§ **ABOUT THIS EXERCISE**:
The expected output is every line of the data exactly as shown, minus the images.

━━ DATA BLOCK

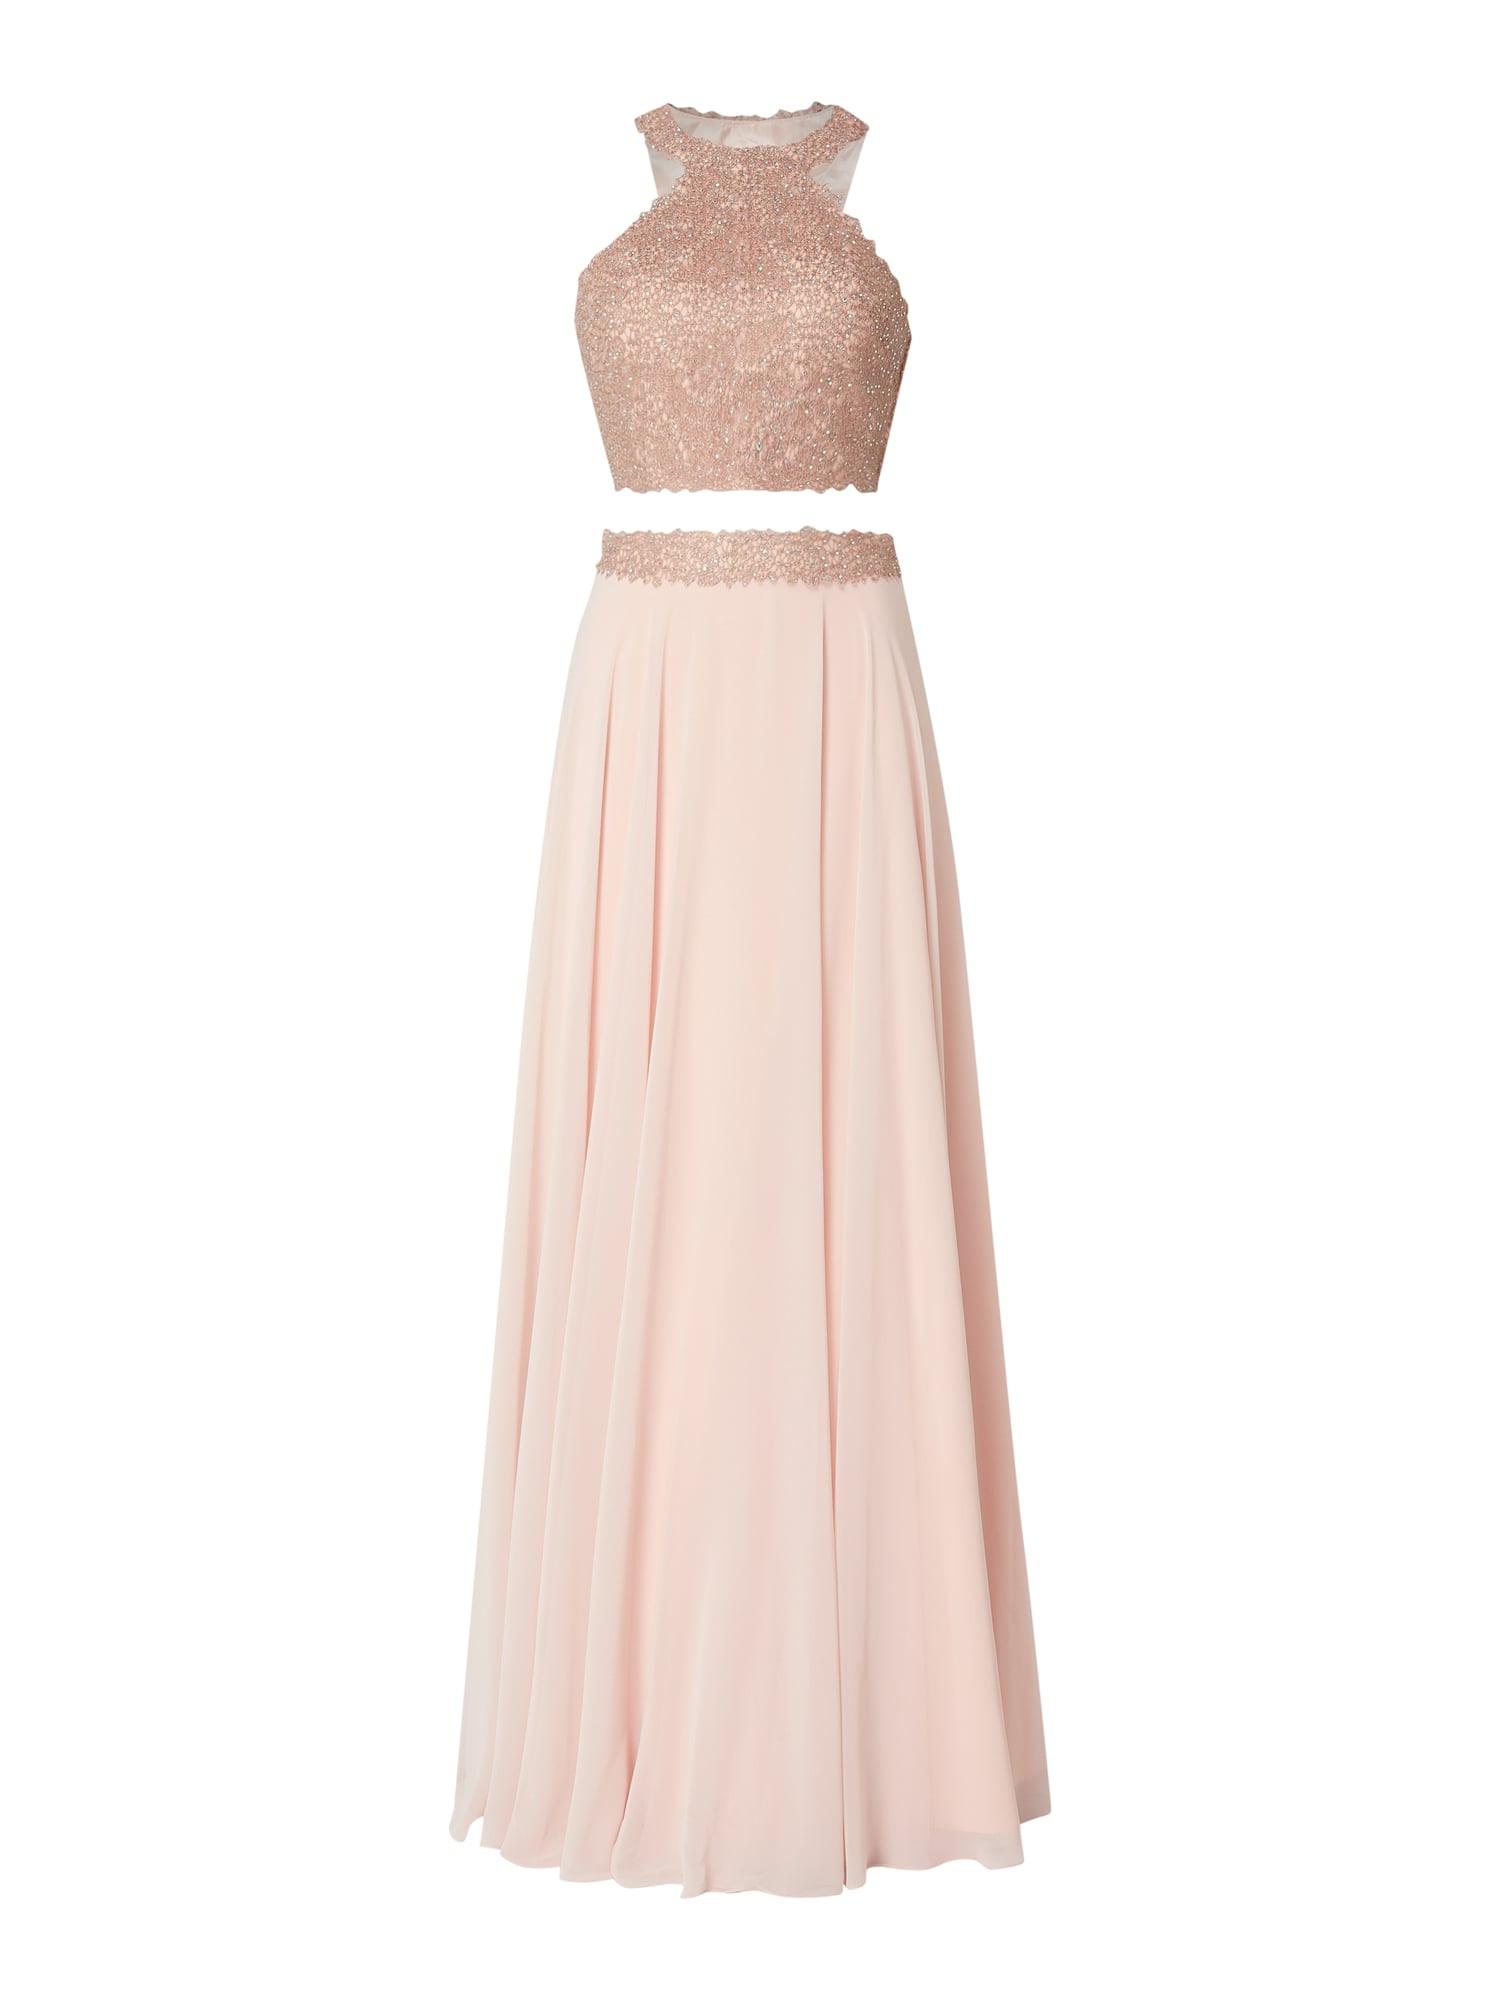 20 Fantastisch Luxuar Abendkleid ÄrmelFormal Großartig Luxuar Abendkleid Vertrieb
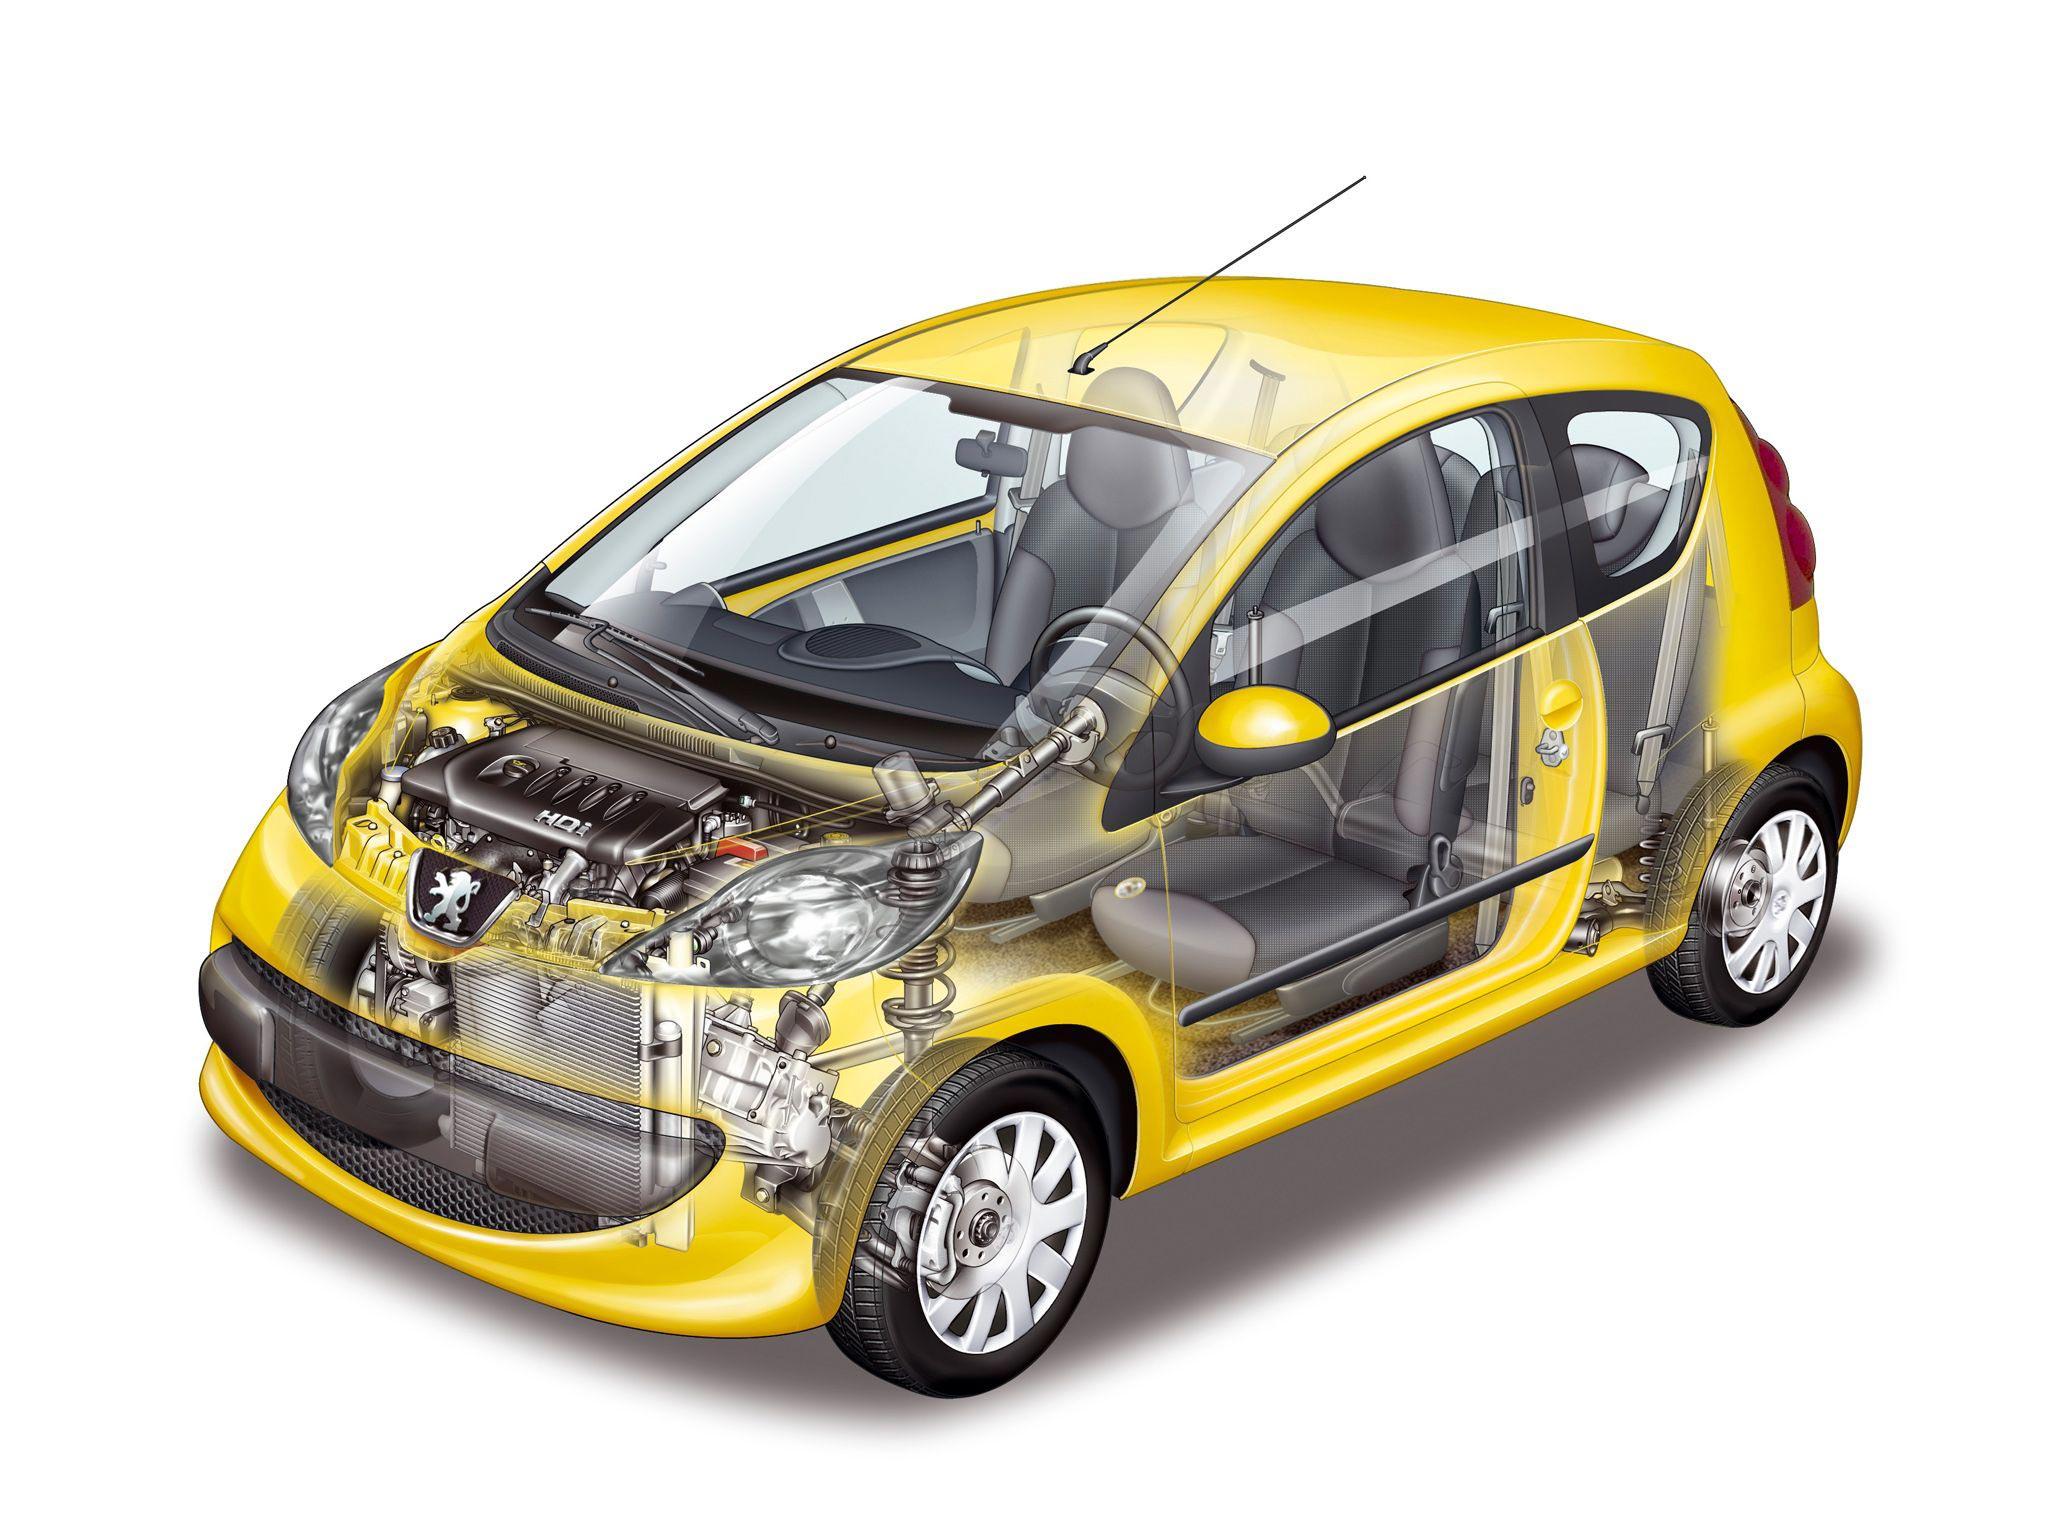 Peugeot 107 cutaway drawing
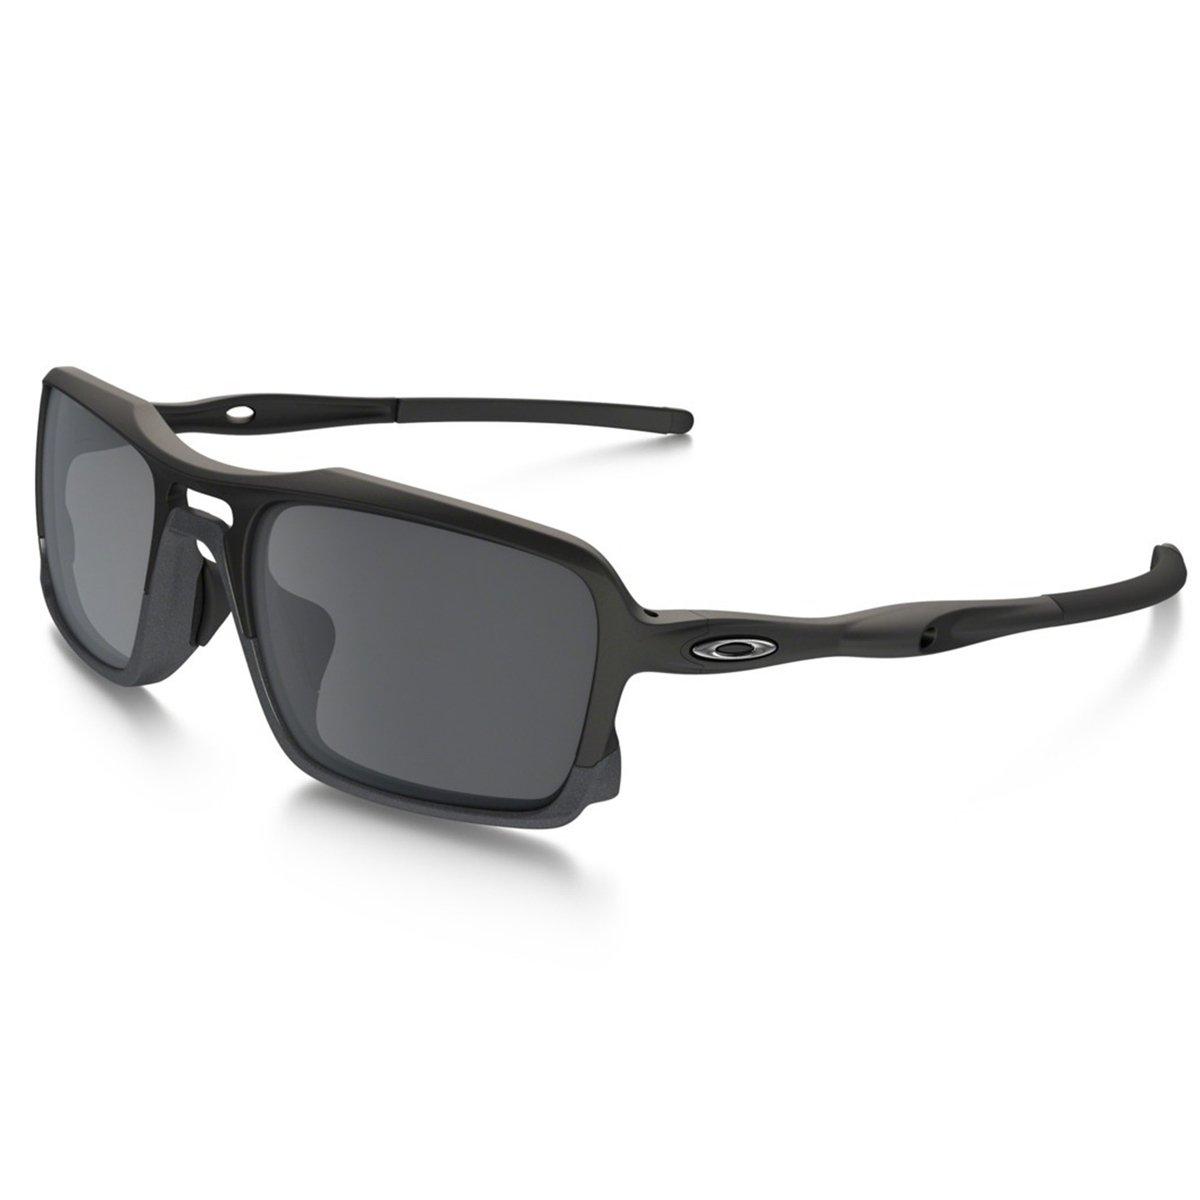 fa35b4b645abc Óculos Oakley Triggerman Matte Black Black Iridium - Compre Agora ...

━━━━

§ **TASK SOLUTION**:
 20 Fantastisch Luxuar Abendkleid ÄrmelFormal Großartig Luxuar Abendkleid Vertrieb
 Peugeot 107 cutaway drawing
 fa35b4b645abc Óculos Oakley Triggerman Matte Black Black Iridium - Compre Agora ...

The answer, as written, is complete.